Saddam Hussein had other surprises for the Iraqi Kurds: After dropping conventional cluster bombs that sent residents of Halabja into their underground fallout shelters, he dropped deadly gas (according to local doctors, a deadly cocktail of poisons) that was heavier than air. The immediate effect was 5,000 dead, and long-term medical problems still cripple and kill survivors. Hospitals in much of the area not only lacked supplies, they lacked electricity and water. But the Kurdish plight was kept effectively below the media radar much of the time because they inconvenienced our larger international goals.

Kurdish issues richly detailed

A brutal and essentially ongoing guerrilla war further decimated their numbers and often it was Kurdish factions fighting among themselves. As Mr. McKiernan writes of the largest ethnic group (more than 25,000,000 people) without a state of their own, "Much of the history of the Kurds had been marked by loss; the loss of land and power, the loss of self-rule, and the loss of life, especially of family and friends."
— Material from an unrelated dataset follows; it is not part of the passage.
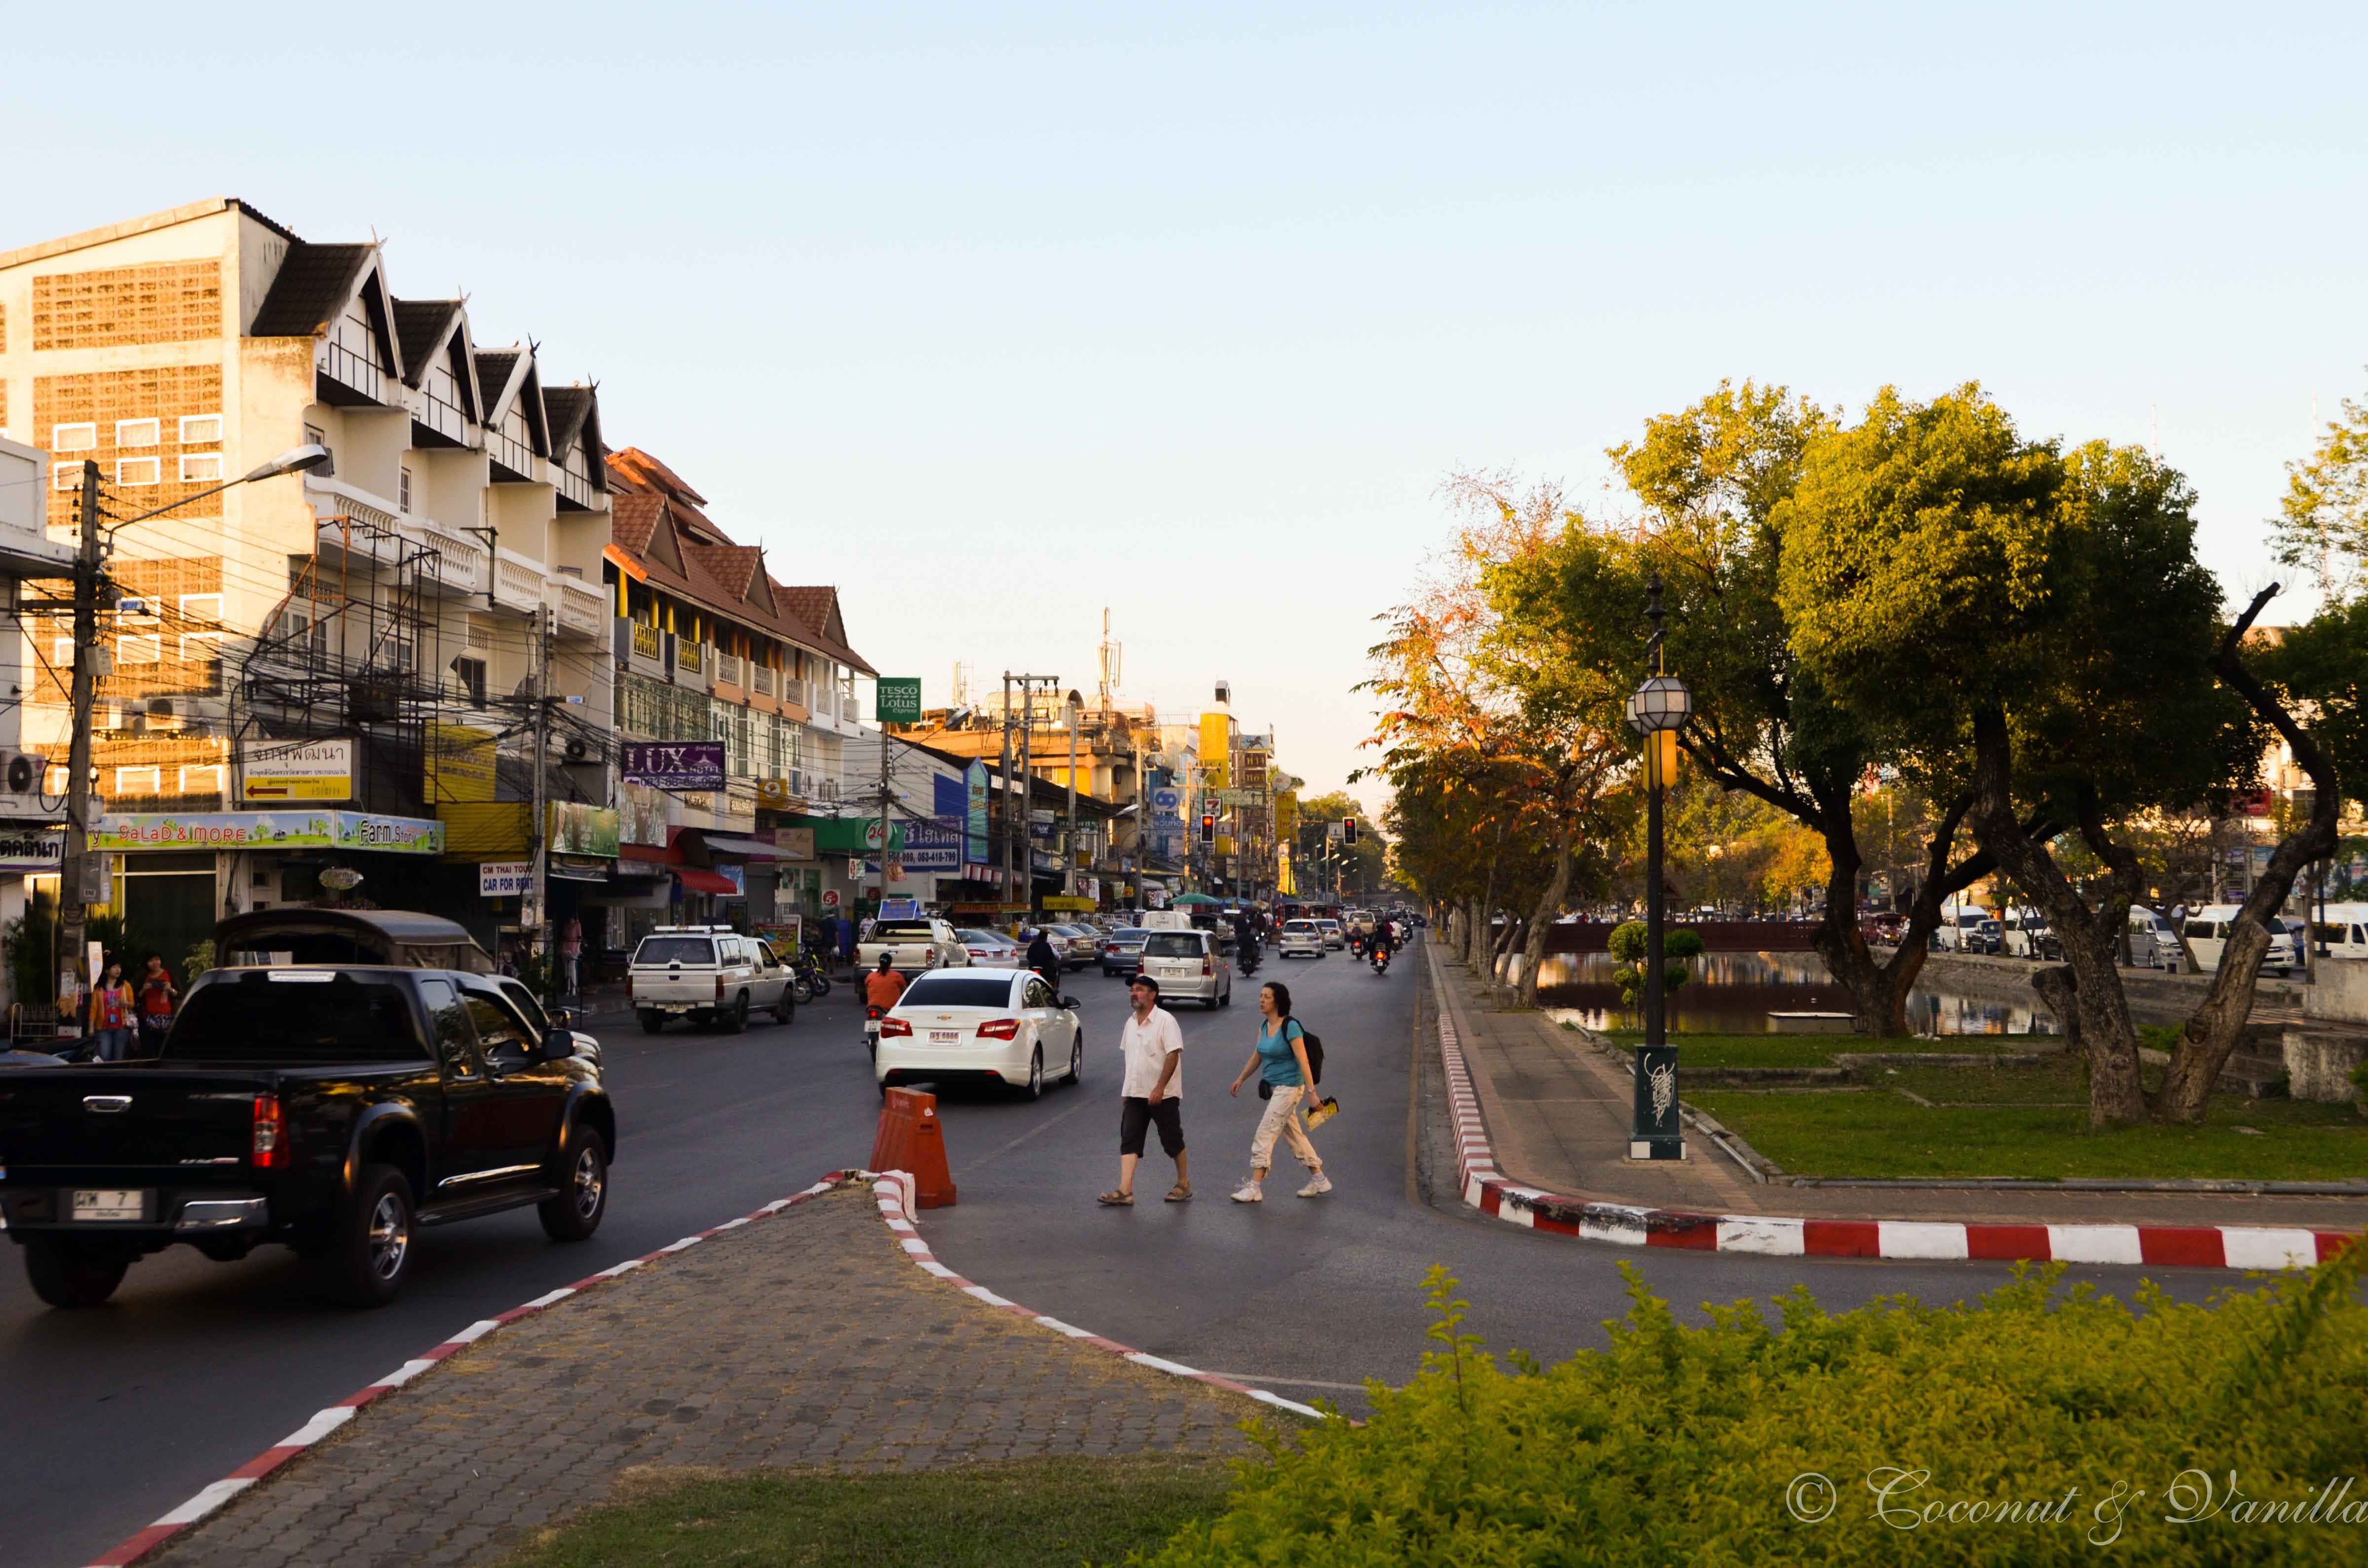 Chiang Mai Thailand by Coconut & Vanilla

At the fall of the Ottoman Empire, land inhabited by ethnic Kurds was parceled out to Turkey, Iraq and Syria; other Kurdish occupied lands had been subsumed into Iran and the Soviet Union. Effectually promised a homeland after World War I, this people's determination has been remarkable. Much of Kurdistan is oil-rich, and this centers the problem. As one official noted, "If it weren't for oil, we might have had our own country 50 years ago."

Unafraid to look at international responsibility, Mr. McKiernan notes arms deals brokered by Henry Kissinger and Donald Rumsfeld that all but ensured Kurdish repression as our government looked the other way. In one particularly astonishing event, rather than disposing of helicopters, plans, tanks and more, the U.S. government offered Turkey, as an important ally in the region, a massive supermarket sweep giveaway of whatever they wanted. During the Clinton administration, human rights organizations pleaded to stop arms sales to Turkey, but, as the Kurdish rebellion hit an apex, Sikorsky, which manufactures such tools as Black Hawk helicopters, built a factory in Ankara to meet the Turkish military demand.
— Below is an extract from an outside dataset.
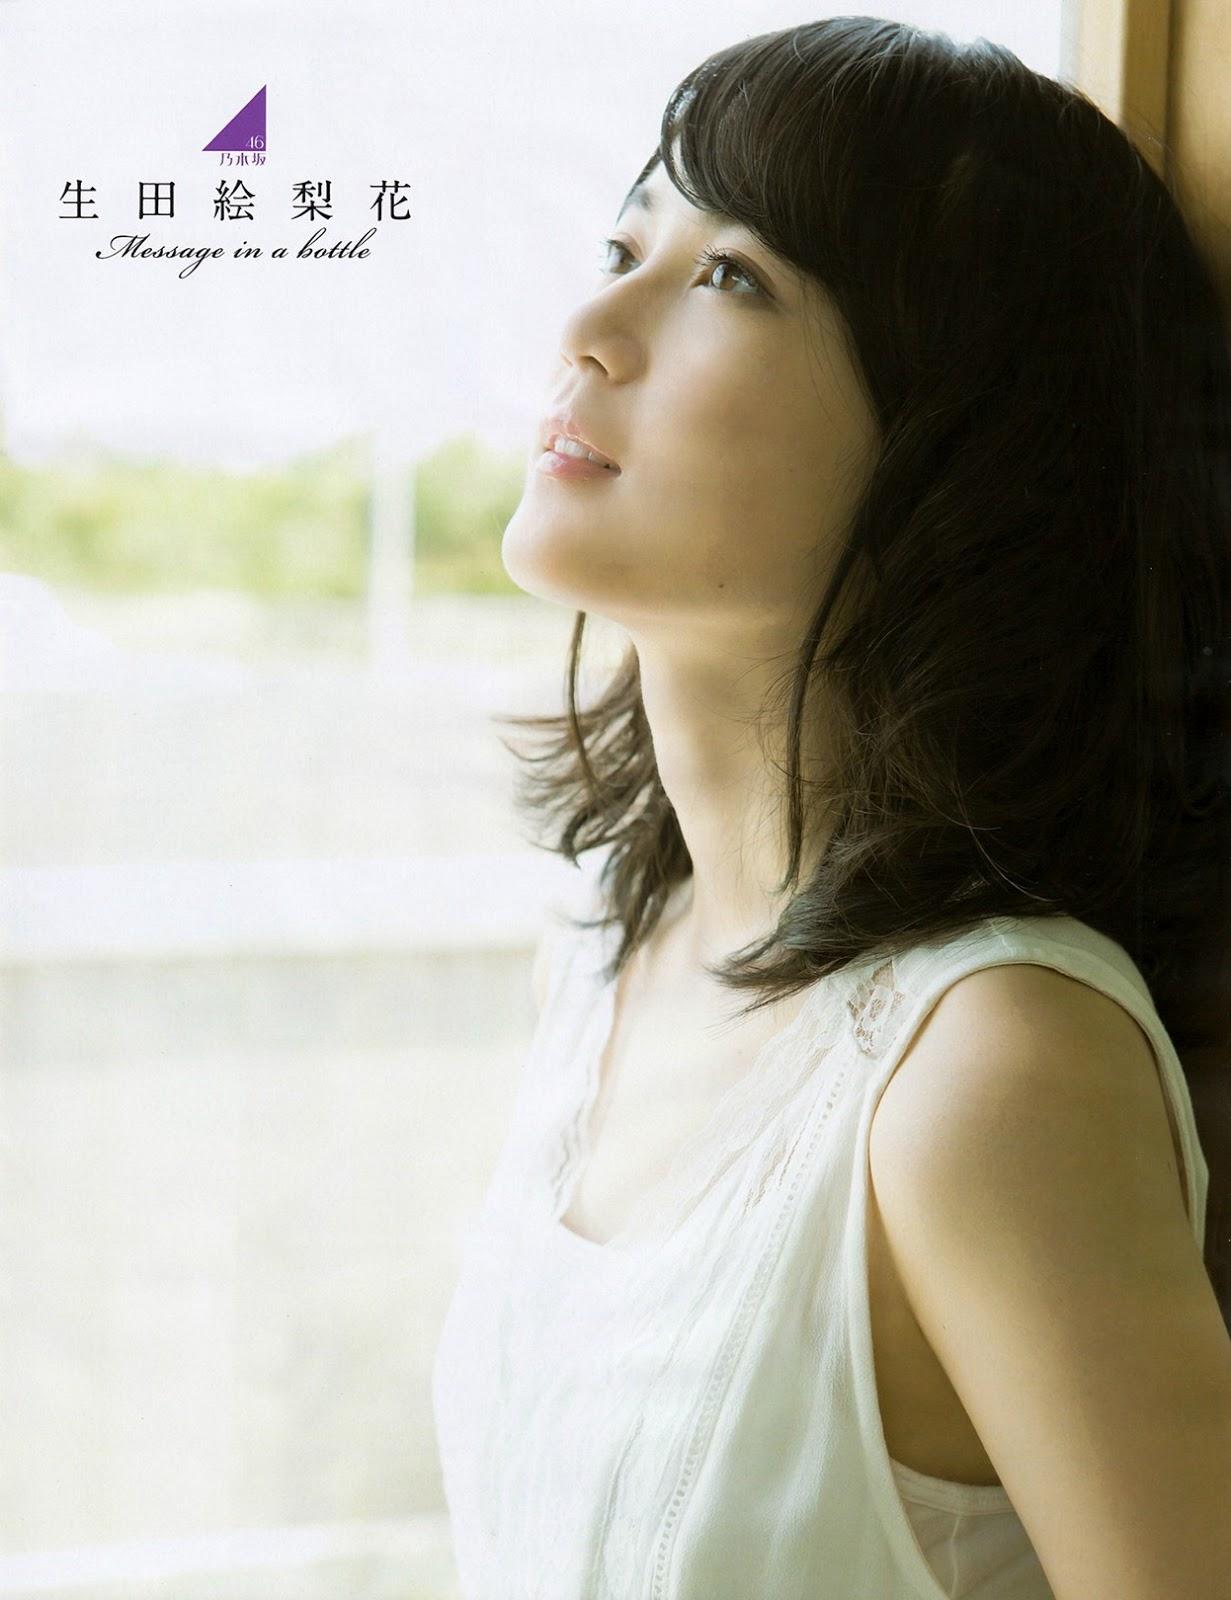 Ikuta Erika 生田絵梨花 Nogizaka46, Ex-Taishu 2016.11 (EX大衆 11月号)

Mr. McKiernan brings the problem home, too: In our own community-where the Kurds might as well have been a radio station-he writes that Delco, Santa Barbara Research, Lockheed, Raytheon, General Research and others made weapons and parts that went to both Saddam Hussein and the Turkish army bent on putting down Kurdish "terrorists."


Self-embedded with the rebel Kurdistan Workers Party, Mr. McKiernan traveled with soldiers hunted by F-16s where the first rule was to keep moving and the average life span after joining was 30 months. Many of the most telling pieces of his story are the accounts of families and individuals who have persevered under the most discouraging and brutal circumstances.

Sent by ABC to cover what was clearly going to be war in Iraq, Mr. McKiernan spent seven months in Iraqi Kurdistan. Many more journalists have died in this war than in the entire Vietnam War, and when his daughter heard an ABC journalist had ben killed in the area he covered, she called to discover that the dead man was a representative of the Australian Broadcasting Company. What Mr. McKiernan saw was considerably different than what we heard in this country, and he takes a hard look at journalists and their sources in the run up to the war.

The good news is that things are looking up for Kurdistan, which has looked stable and welcoming compared with the rest of Iraq, which elected Kurd Jalal Talabani as its president. Money and support now flow into Kurdish territory; there are Kurdish television stations and flights to Europe; Mr. Talabani addressed the U.N. in his native Kurdish; and perhaps our government now sees these people-at the physical hinge of Iraq, Turkey, Syria and Iran-as critical to stability in the Middle East.

Mr. McKiernan's remarkable work and his exceptional memoir/history are important as a careful and intimate record of Kurdish suffering and courage and as a call to all of us to take responsibility for our actions both at home and abroad.